Regardless of the challenges he would have acknowledged in the global economy, he will then exude confidence in assuring his audience that the government will not falter in its commitment to grow and diversify the economy. Diversification and growth have from past budget speeches emerged as Botswana’s top two priorities. Unfortunately Matambo will remind his audience that due to the low demand of its commodity products (diamonds, copper, and nickel ore) Botswana fell short of its expected revenue collection.

. He will use that to explain why the government will as a result fail to meet all of its economic needs and its focus therefore will be on other projects. But this is where Matambo will look intently into his audience’s eyes as if to alert them that they should not lose heart because government will save the day. This is when he will announce the grand Economic Stimulus package (ESP) with a look of pride in his eyes. With a voice more confident than when he started, he will announce new mega projects and also make it known that certain projects that had been regressed by tough times will be resuscitated. At this point, he expects a positive response from his audience; ‘once again government has come to the rescue’, he wants to say but his look does the talking instead. 

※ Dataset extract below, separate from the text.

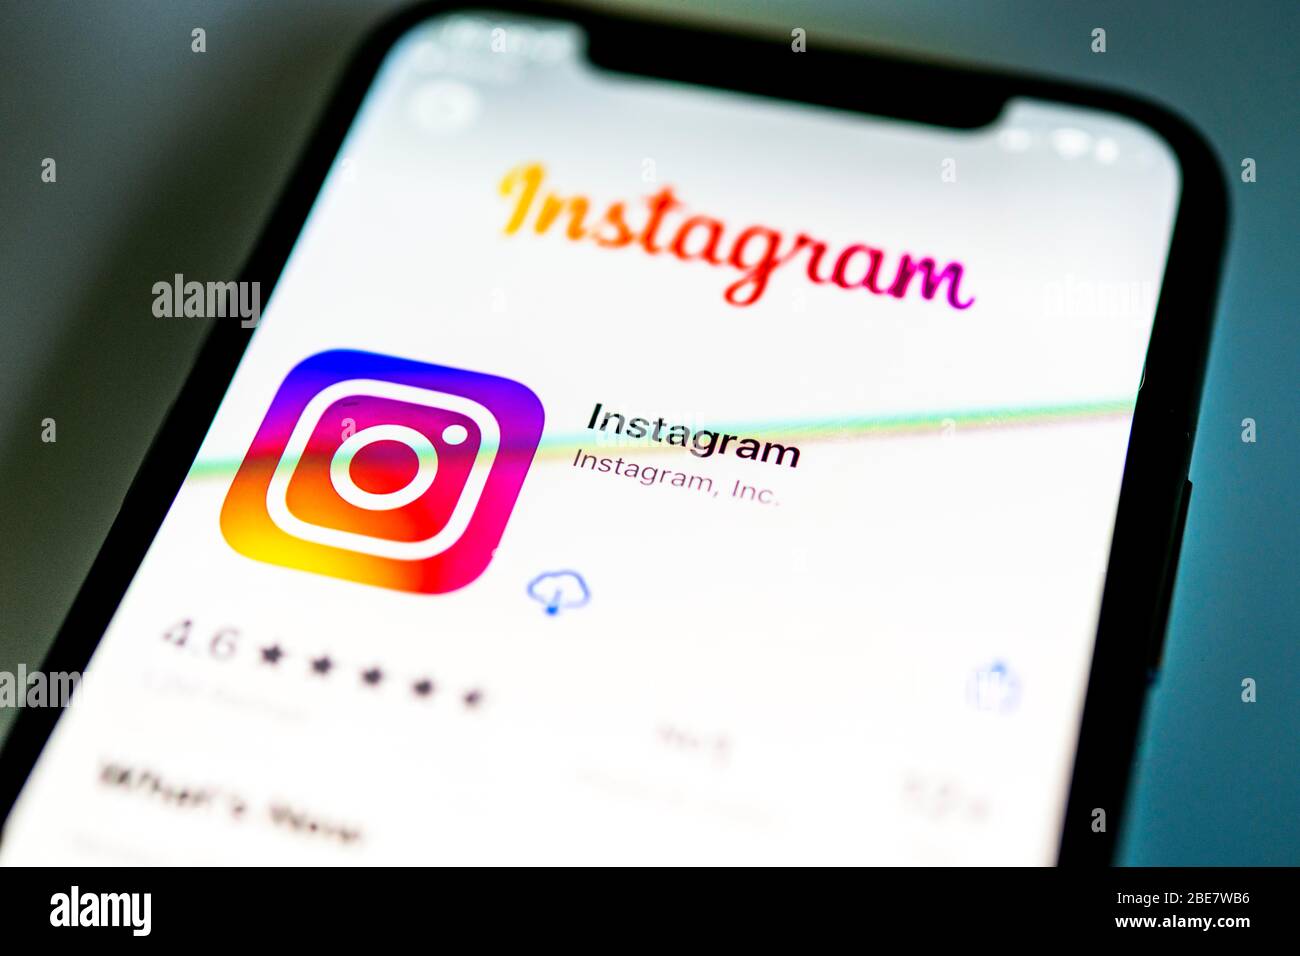 Application Instagram, réseau social, icône d'application, affichage à l'écran du téléphone mobile, du smartphone, des détails, plein écran Banque D'Images

Matambo will reiterate government’s tight spending position that more will be achieved with less. He will then continue to highlight that a massive number of jobs will be created, but will not give specifics. Matambo will ask private sector to actively help government in achieving inclusive growth but also act oblivious to the fact that the business reforms which private sector has long implored government to put in place have not yet come into action. He will take the opportunity to inform the audience that unemployment, income inequality and poverty are the vices of society which threaten the development of the country, something he will assure them that government is cognisant of and is working earnestly to combat. 

It is going to get worse before it gets better, but Matambo will not bluntly admit it. Critics are of view that no amount of decisive action that government takes will substitute the need for government to actively address underlying issues. Such issues entail competitiveness, export diversification, as well as private capital attraction to the domestic economy.